Immunoprecipitation

( Called IP, and immunoprecipitation ) Immunoprecipitation is a biochemical method in which in a pull-down assay using an antibody, an antigen is concentrated from a solution.

Principle

The antigen to be purified is typically a biopolymer, such as a protein, peptide, polysaccharide or a nucleic acid. In proteins often the binding of an antibody to protein tags is used, for example when the TAP tag. The purification of nucleic acids by immunoprecipitation is described in chromatin immunoprecipitation, even under ChIP -on-chip and ChIP -Seq, DNA -Seq and RIP ( iCLIP, PAR -CLIP and CLIP -Seq ) and RIP - chip for RNA.

In general, the antibodies in vitro in this case coupled to a solid stationary phase ( cross-linked agarose and dextran ), and binding of its affinity, a specific antigen in a solution, for example, in a tissue lysate clarified by filtration or centrifugation. A specific antigen is here with all its interaction partners ( coprecipitates ) thus precipitated from a mixture. As a result, the immunoprecipitation is also suitable for the detection of protein -protein interactions, since all protein complexes using this method can be precipitated. To reduce non-specific interactions of unwanted molecules, the binding sites of the stationary phase will be saturated with sufficient quantities of the target protein, such that binding molecules as possible are specifically bound.

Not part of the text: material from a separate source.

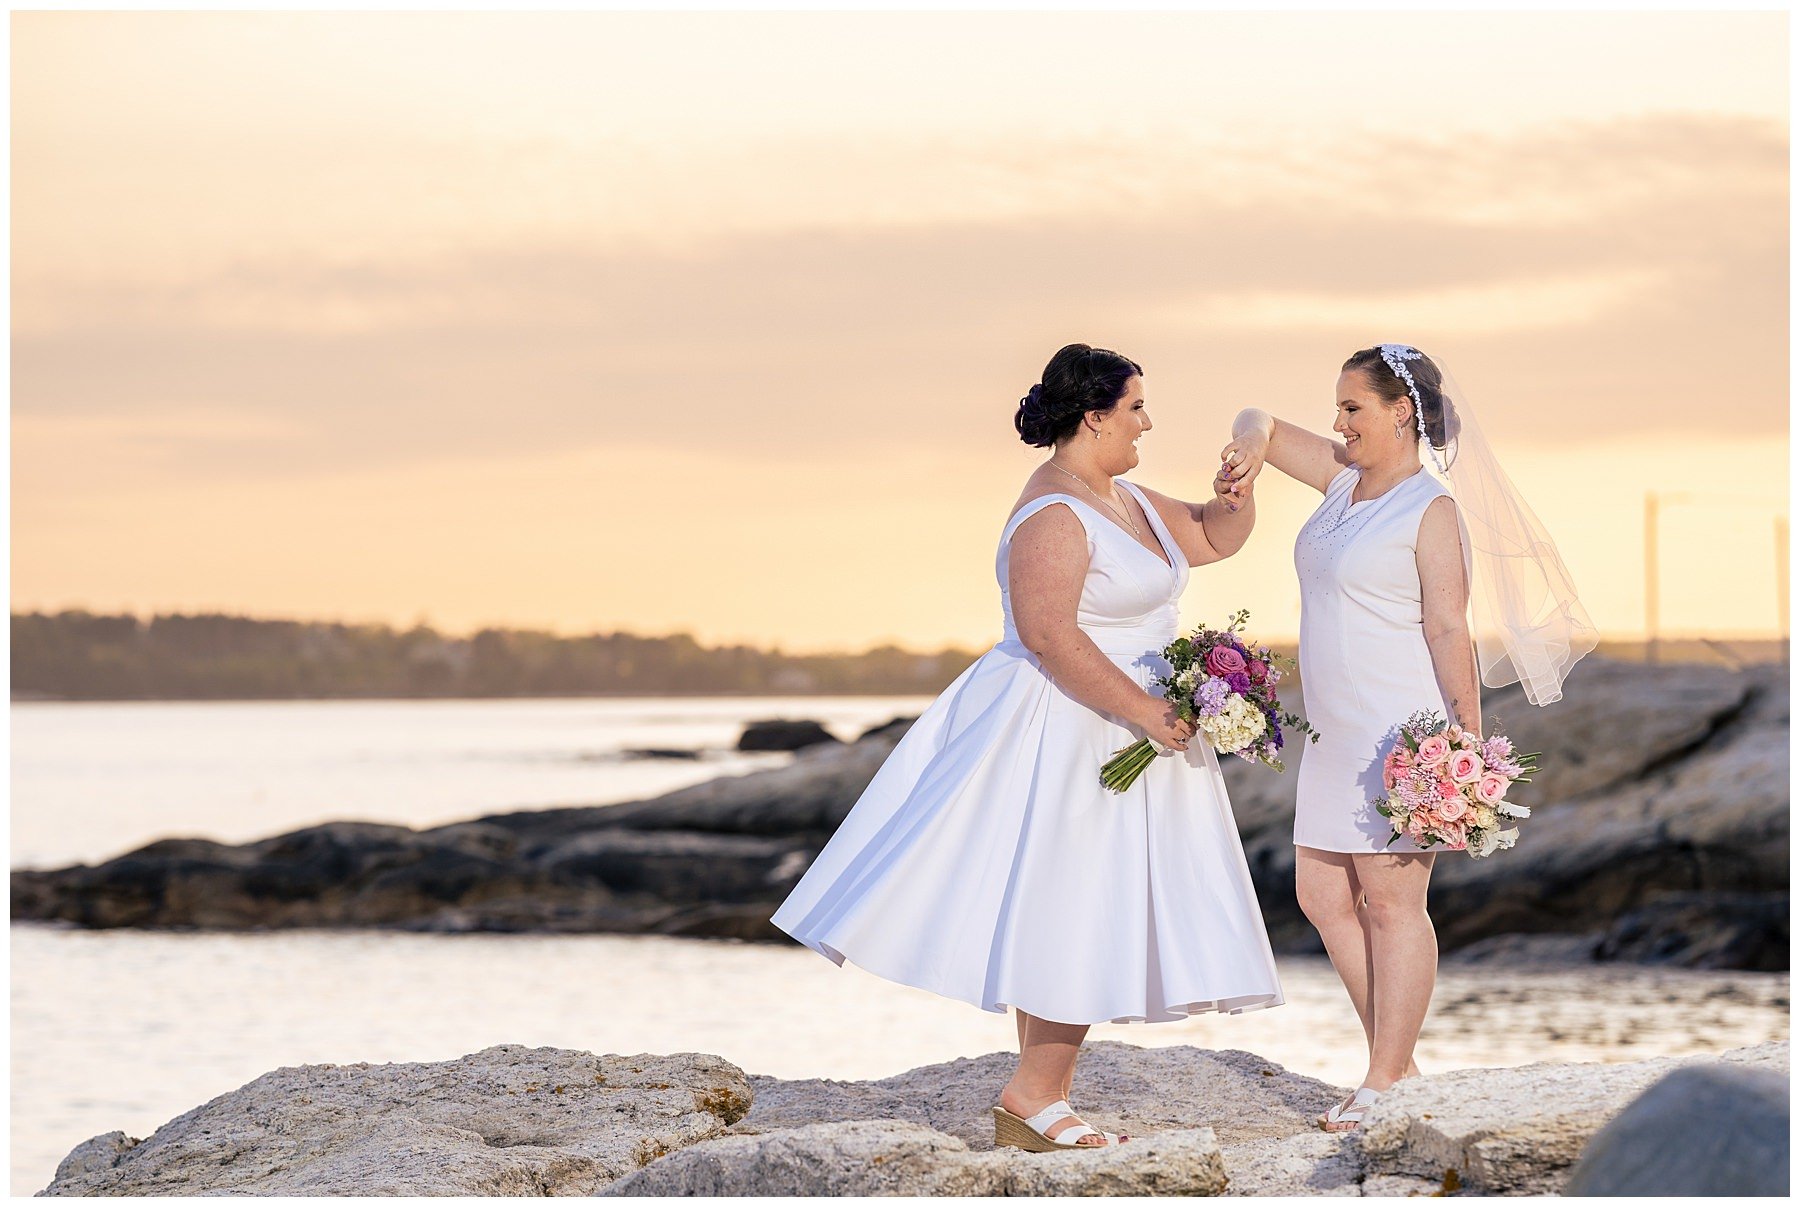 Boothbay Harbor Wedding Photographers, Two Adventurous Souls- 052422_0028.jpg

A precipitated protein and its interaction partners can be detected in connection with different methods, for example with immunoconjugates in a Western blot, peptide mass fingerprint or by prior labeling with radioimmunoconjugates.

The protein mixture can be a homogenate of a tissue or cells from the cell culture. The cell culture allows the possibility to overexpress the putative interaction partners, ie these proteins are preferentially formed. The interaction partners should still be bound in this situation. After cells or tissues were broken, it is now added antibodies that specifically bind to one of the proteins. About this antibody the desired protein together with interaction partners from the solution by centrifugation or MACS is then sedimented. Several washing steps are used to remove non-specifically bound proteins. The proteins are released from the beads by denaturation, and the detection is carried out mostly on a Western blot.

Here, use is made in general to the specific properties of so-called Protein A, which is derived from the cell wall of the bacterium Staphylococcus aureus, and / or protein G, which is a component of the cell wall of certain Streptococcus strains. Protein A and G bind with high specificity to the Fc region of most mammalian immunoglobulin. These proteins are coated beads now (English beads, eg Sepharose or magnetic microparticles ) to bind in such immunoprecipitation, the antibody -protein complexes in itself.

Quantitative immunoprecipitation

Unusual or soluble antigen-antibody immune complexes tarnish a solution. If one uses purified antigen standards as can be concluded that the antigen concentration in the sample by measuring the turbidity by immunonephelometry.

Pros and Cons

Is used the IP in the course of protein purification and characterization as an alternative detection of an interaction, eg after a yeast two- hybrid screen. It allows the study of protein - protein interactions in vivo, at least in similar circumstances, that is, in the milieu of a cell and occurring in eukaryotes, post-translational modifications such as glycosylation ( attachment of sugar chains), palmitoylation ( appending fatty acids) or a convolution by chaperones.

But it is possible that change proteins by rupture of the cells, or be reduced. Another problem with the method is a lack of purity of the binding protein that can lead to false -positive results of immunoprecipitation. Furthermore, the results of the immunoprecipitation are dependent in part on the specific binding of the antibody, heterophilic antibodies can precipitate unwanted proteins non-specifically. On the other hand, some proteins also bind directly to the beads or to the surface of the reaction vessels. These bound molecules can a non-existent interaction pretend ( false positive), which can only be resolved by additional control experiments. Furthermore, it is possible that two proteins indeed interact in the IP experiment, but in the cell cycle, do not occur in the organelle or cell type at a time and therefore may not be actual interaction partners. Since under suboptimal environmental conditions false negative results can also be produced, used repeated series of experiments with modified buffer conditions a reduction of false-negative results.

For these reasons, the interpretation of IP results must be cautious. Positive interactions should always be verified with other techniques such as yeast two -hybrid system or FRET. Immunoprecipitation are indeed information about the possible interaction of two proteins, but no information about how this interaction takes place. These detailed studies of the structure of the proteins involved are necessary.